BY A. WORRALL PALMER, M. D., NEW YORK.
The numerous modes of treating sarcoma or any other variety of cancer, and the constant experimentation on the part of the profession with new methods, only go to show how inadequate is our ability to meet this intractable disease.
These neoplasms are not so rare, as there are ninety-nine authentically recorded cases, situated within the restricted domain of the naso-pharynx and pharynx.
For these reasons, and because I have been able to find only one case of sarcoma treated with Coley’s fluid reported in our homeopathic literature, do I take the liberty of occupying your time with the résumé of my investigations into the subject and my meager practical experience.

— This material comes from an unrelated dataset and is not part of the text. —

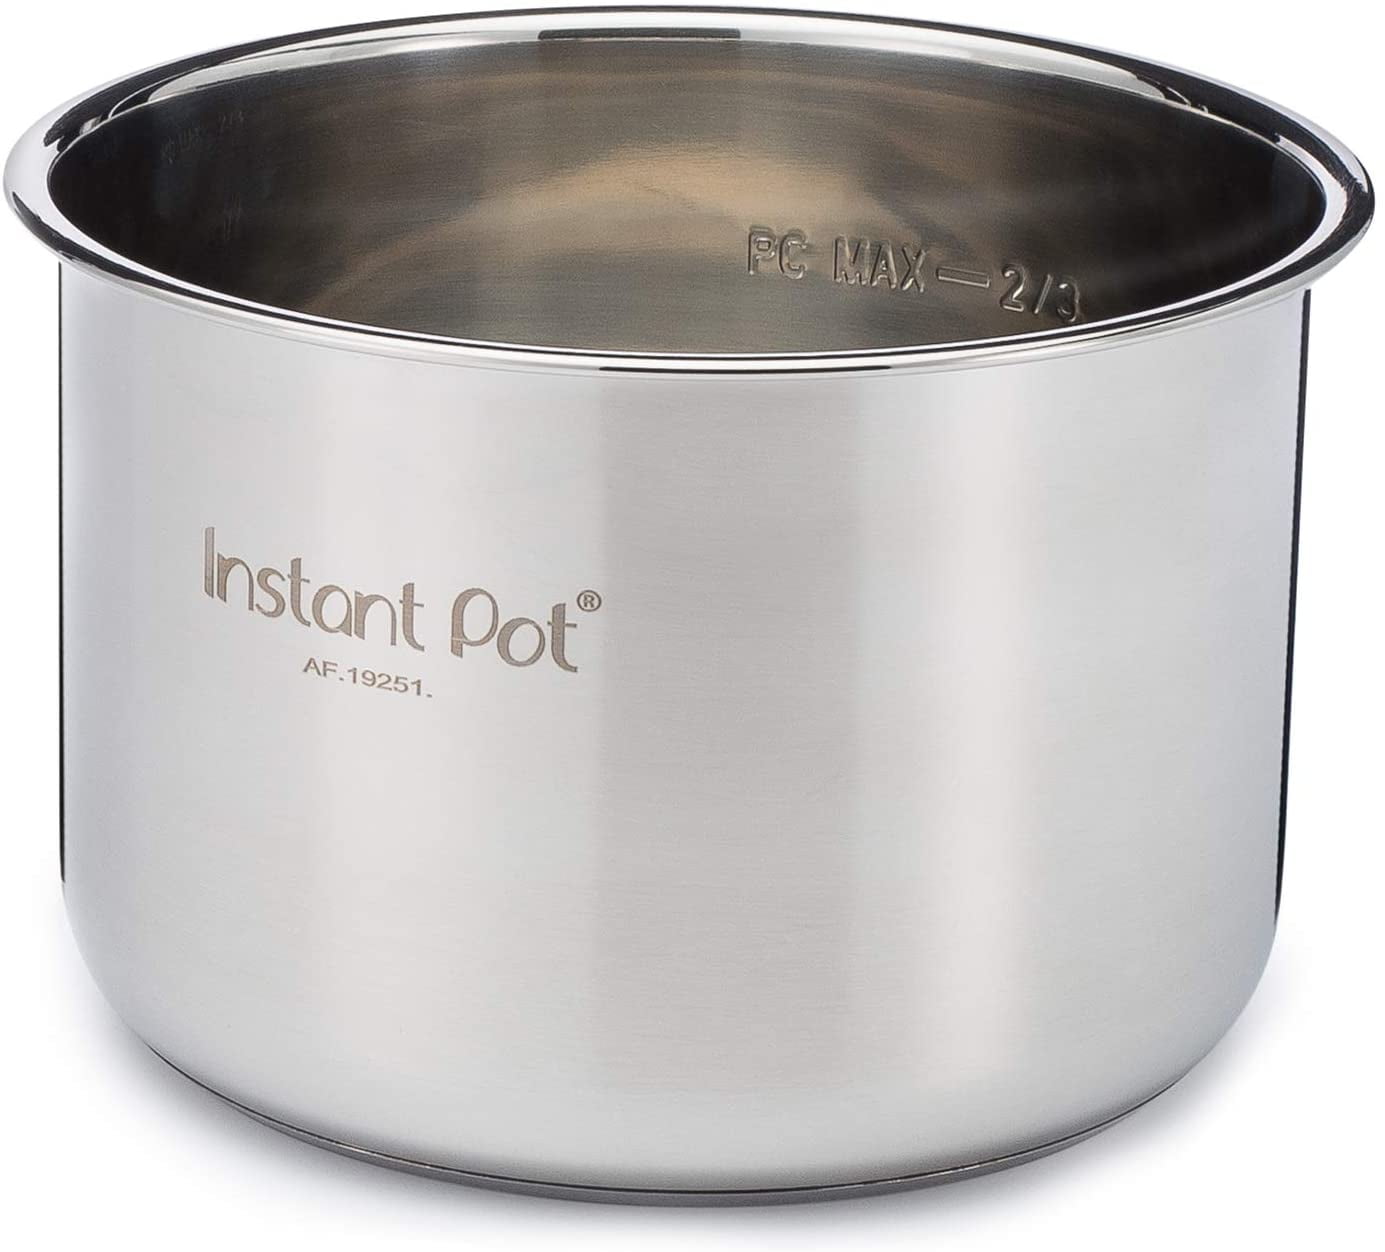 Instant Pot 80 EPC 8-Quart Stainless Steel Inner Pot

Although surgery is, at present, the best method to meet this condition, personally I believe that more investigation into or trials of the remedial treatment should be made, because cancer is a constitutional disease, and it so very frequently recurs after removal with the knife.
Apropos to this, C. Mansell Moullin says in the Boston Medical Journal: “There is at least as much hope after an internal remedy that causes disappearance by atrophy or fatty degeneration as from the most extensive removal by operation. On a priori grounds there may be even more.”
Among the numerous drugs or substances which have been experimented with are the interstitial injection of alcohol 40 per cent., by Haase; the injection of Pure Yeast Ferment, by De Bracher; subcutaneous use of 50 per cent. solution of the fluid extract of chelidonium majus re-enforced by same drug per orem; the cataphoric diffusion of mercury from gold electrodes used by Massey; and lastly the mixed toxins of the streptococcus erysipelas and bacillus prodigiosus.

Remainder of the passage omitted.